# Directions
When you find the line with "Charcoal vs Gas Grilling: Pros and Cons" among the records below, reproduce it and each line after it exactly, ending with the line with "Big Hits And".

# Dataset records
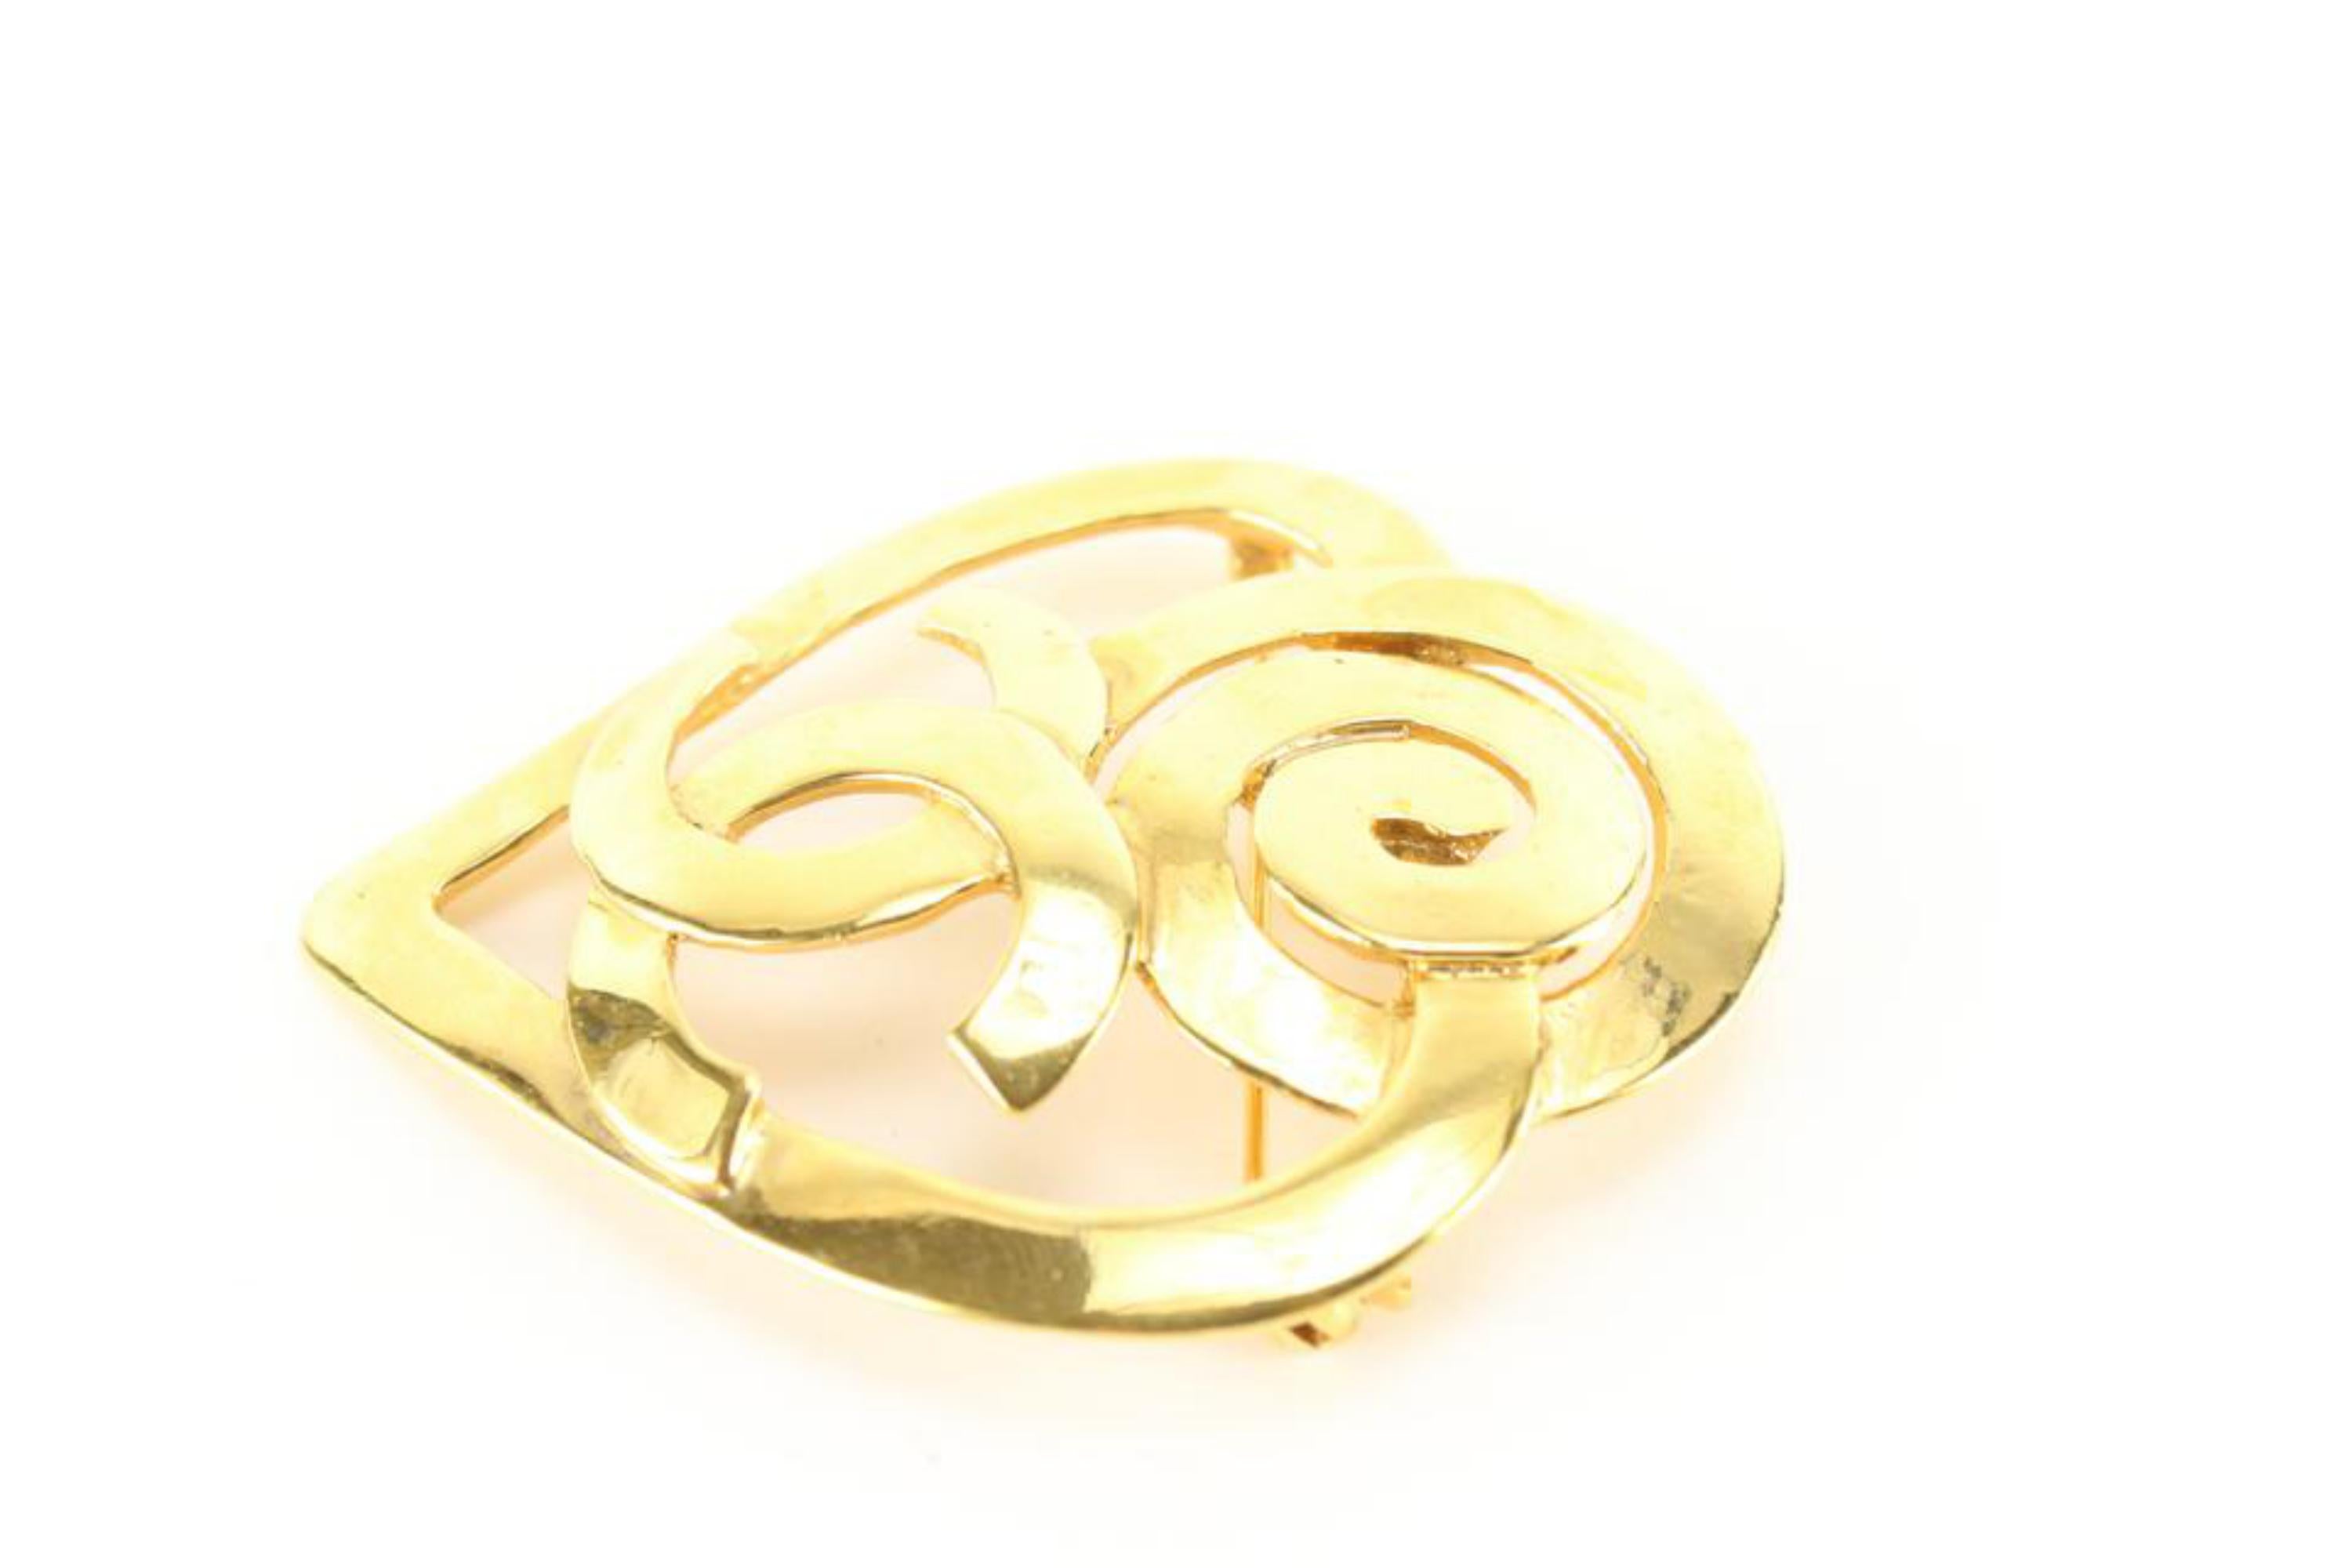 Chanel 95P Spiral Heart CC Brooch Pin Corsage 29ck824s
* * *
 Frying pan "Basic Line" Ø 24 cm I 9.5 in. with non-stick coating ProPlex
* * *
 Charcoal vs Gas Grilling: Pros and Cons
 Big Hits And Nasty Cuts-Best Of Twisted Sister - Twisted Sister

# Solution to this problem
 Charcoal vs Gas Grilling: Pros and Cons
 Big Hits And Nasty Cuts-Best Of Twisted Sister - Twisted Sister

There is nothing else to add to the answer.